What is deployment stacks?

Azure Deployment Stacks allow you to manage a set of resources under one roof by defining a Bicep file within stack management. Deployment Stacks build upon and enhance the current deployment methods. Additionally, Deployment Stacks represent the evolution of Azure Blueprints – something many of you may already be familiar with and might still be using today.

Ironically, Deployment Stacks introduce a concept similar to a state file. This means you can now automatically delete resources, much like a Terraform Destroy. However, this state file is managed by Microsoft and abstracted away from the end user. By managing resources via the stack, you can streamline and guardrail your deployments using a much more feature-rich solution than ever before.

In this blog, I’ll dive into the details of Deployment Stacks: what they are, how they can benefit your deployment strategy, and some real-world insights from using stacks.

deployment stacks overview

Azure Blueprints evolution

Azure Blueprints went into public preview over seven years ago; however, it never progressed beyond the preview phase and, as a result, did not reach general availability. Typically, any Azure product that remains in preview for more than 12 months is at significant risk of being retired, so you should expect it to be deprecated.

Deployment Stacks are designed as the successor to Azure Blueprints and, as of mid-2024, have already reached General Availability. This means you can expect ongoing features, improvements, and support from Microsoft. If you are still using Blueprints today, you should start planning your migration to Deployment Stacks as soon as possible.

The focus for the Bicep team moving forward will be heavily centred on Deployment Stacks and their continuous development. Therefore, I strongly recommend transitioning your new and existing deployments into stacks. By doing so, you can enjoy the benefits they offer while also contributing to shaping future features through real-world feedback to the product team.

Where to start?

As always by the teams at Microsoft, there is an abundance of fantastic documentation and learning path modules you can freely leverage to upskill onto the latest and greatest. Deployment stacks is no different, here’s a list of material I would recommend checking out:

Modes

You can change any of the modes in your deployment stack at a later stage and the stack will update the settings. There is also two Deployment Stack built-in RBAC roles that allow granular control of the stack itself.

Action on unmanage

In deployment stacks you can define an “action on unmanage” setting which sets what happens to the resources that are updated or deleted within the stack. There’s three key modes to select in this area and I’ll detail each and how they work.

detachAll

When you delete a resource from your Bicep template in this mode, the resource will no longer be tracked by the deployment stack, but it will still exist in Azure. For instance, if my Bicep template includes a Key Vault module and I delete this module block—or simply give the resource a new name in my Bicep parameters the previous Key Vault resource will remain in the resource group but will no longer be managed by the stack. Instead, the new resource will now be (deployed) and tracked by the stack.

azcli
az stack sub create \
--name 'az-stack-uks-demo' \
--location 'uksouth' \
--template-file 'main.bicep' \
--parameters 'main.bicepparam' \
--action-on-unmanage 'detachAll' \
--deny-settings-mode 'denyWriteAndDelete' \
--deny-settings-apply-to-child-scopes
PowerShell

deleteResources

Following on from above, defining deleteResources means the deployment stack will delete the Azure resource if it becomes unmanaged. For example, if I accidentally deploy a storage account with the wrong name, I can update my parameter or variable to reflect the correct name. Upon deployment, the stack will delete the original storage account and create the new one, managing it within the deployment stack. This behaviour applies to any resource tracked by the stack, but only for resources within the resource group (and not the resource group itself in this mode).

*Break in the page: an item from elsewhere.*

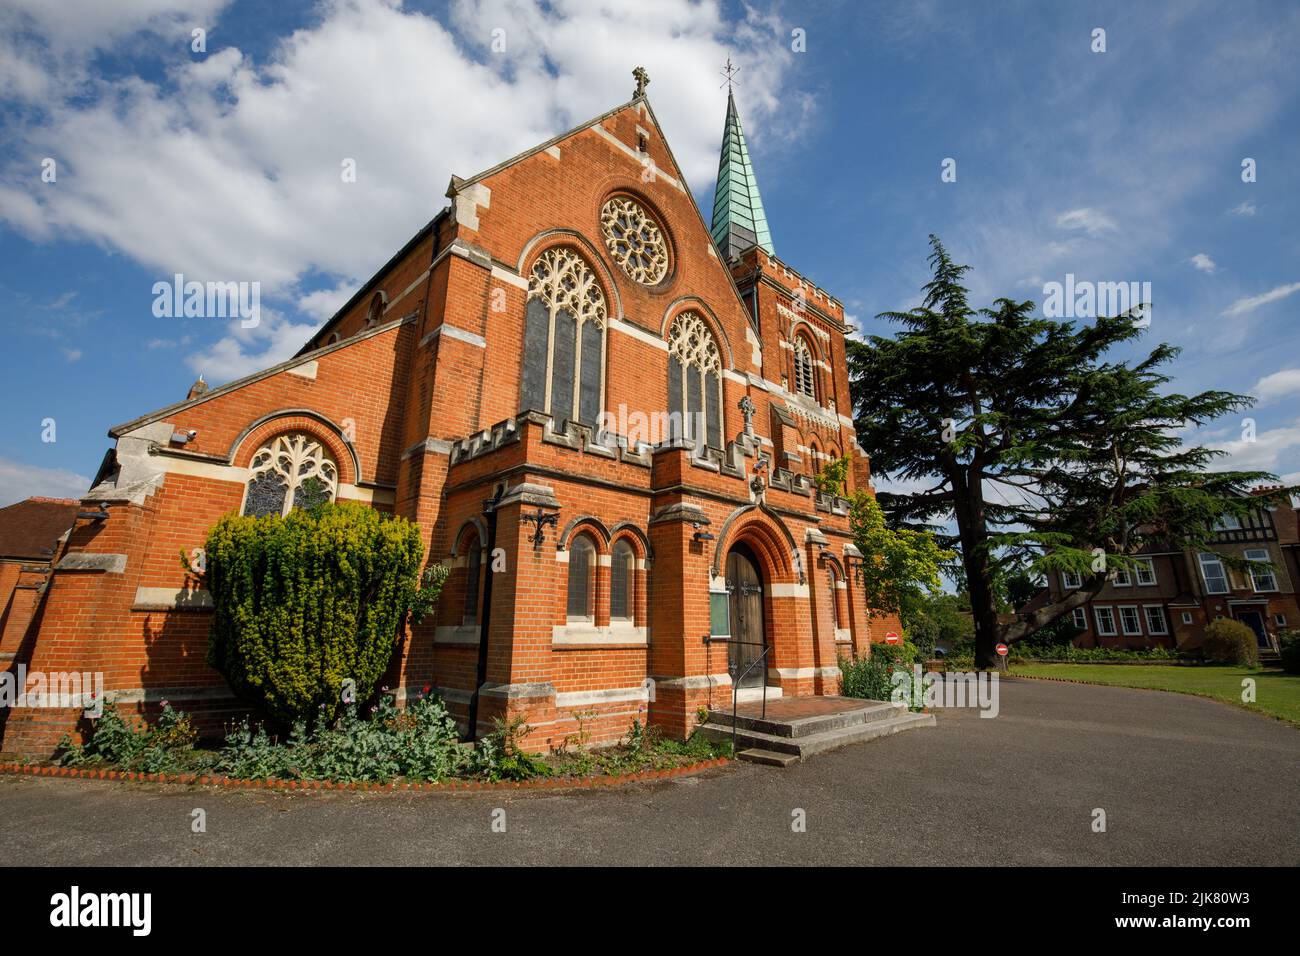 Chiesa di San Pietro, una chiesa vittoriana costruita in mattoni rossi. Staines-upon-Thames, sito di riprese per il film The Omen. Foto Stock
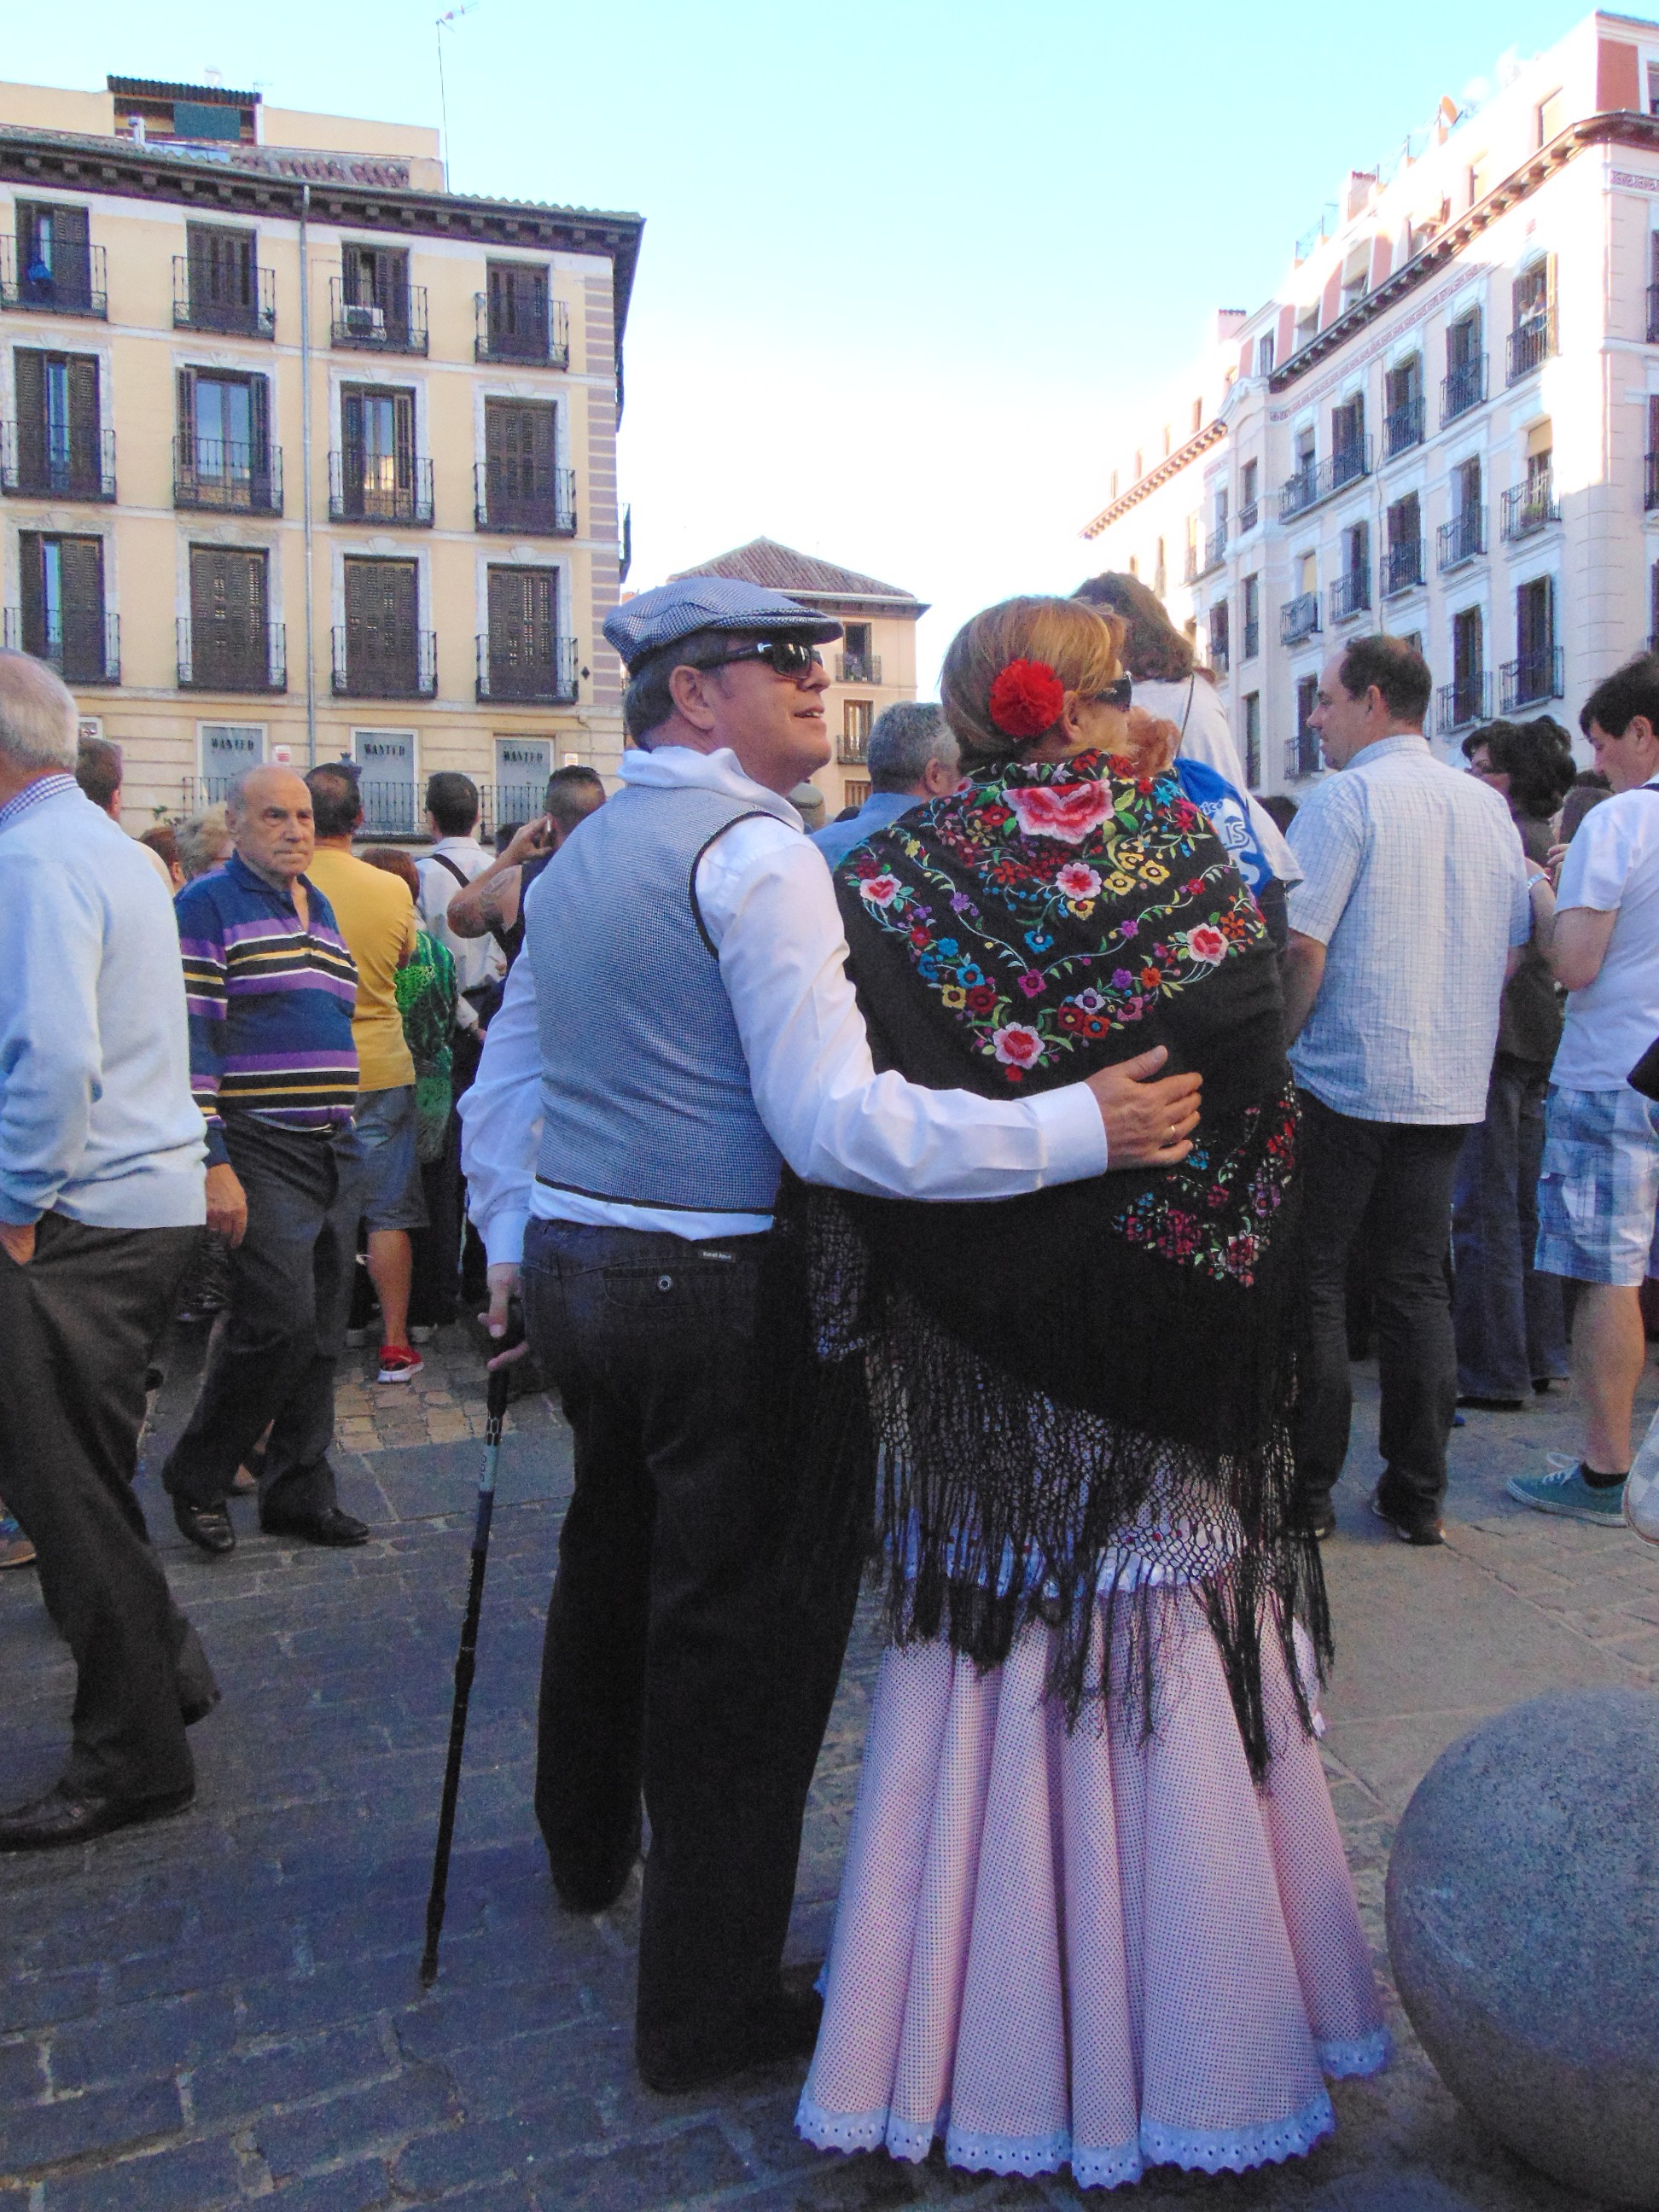 costumes espanhois 6

The deployment stack will make multiple attempts (retries) to delete a resource in a best effort approach. However, some resources simply cannot be deleted. For instance, removing a Data Collection Rule resource from your Bicep template will fail if it has associated VMs, due to external resource dependencies. This type of scenario applies to other resources with similar dependencies on linked resources:

In addition, if you want to increase a subnet size with connected resources stacks also seems to struggle. So it does have some nuances with the deleteResources mode that hopefully will improve in the near future.

For the most part the clean-ups should work nicely, and you’ll be able to review what resources have been deleted from the last deployment in the stacks management overview:

The deployment stack overview shows the deleted resources:

azcli
az stack sub create \
--name 'az-stack-uks-demo' \
--location 'uksouth' \
--template-file 'main.bicep' \
--parameters 'main.bicepparam' \
--action-on-unmanage 'deleteResources' \
--deny-settings-mode 'denyWriteAndDelete' \
--deny-settings-apply-to-child-scopes
PowerShell

deleteAll

The same as deleteResources, except the deleteAll setting will also remove resource groups themselves, if the stack is managing them. For example, I delete the resource group(s) resource from my bicep file, on stack deployment it’s going to delete the resource group(s) including all the resources.

azcli
az stack sub create \
--name 'az-stack-uks-demo' \
--location 'uksouth' \
--template-file 'main.bicep' \
--parameters 'main.bicepparam' \
--action-on-unmanage 'deleteAll' \
--deny-settings-mode 'denyWriteAndDelete' \
--deny-settings-apply-to-child-scopes
PowerShell

A quick way to visually view the different unmanage options and what they will do is in the portal, when you click ‘delete stack’:

Deny Settings

In deployment stacks you can also define deny settings. These deny options help prevent resource and property changes that you do not authorise and intend to protect as part of the stack management for the resources.

Deny settings only work on explicitly created resources as part of the deployment stack. If a user or principal creates a resource within in the portal, it will not be managed by the stack and therefore not subject to deny settings. They also do not apply to data plane actions.

The documentation does a really great job at explaining the different deny settings and their consequences. So in the interest of not repeating them in my own words, here’s a quote directly from the docs:

  • deny-settings-apply-to-child-scopes: When specified, the deny setting mode configuration also applies to the child scope of the managed resources. For example, a Bicep file defines a Microsoft.Sql/servers resource (parent) and a Microsoft.Sql/servers/databases resource (child). If a deployment stack is created using the Bicep file with the deny-settings-apply-to-child-scopes setting enabled and the deny-settings-mode set to denyWriteAndDelete, you can’t add any additional child resources to either the Microsoft.Sql/servers resource or the Microsoft.Sql/servers/databases resource.
  • deny-settings-excluded-actions: List of RBAC management operations excluded from the deny settings. Up to 200 actions are allowed.
  • deny-settings-excluded-principals: List of Microsoft Entra principal IDs excluded from the lock. Up to five principals are allowed.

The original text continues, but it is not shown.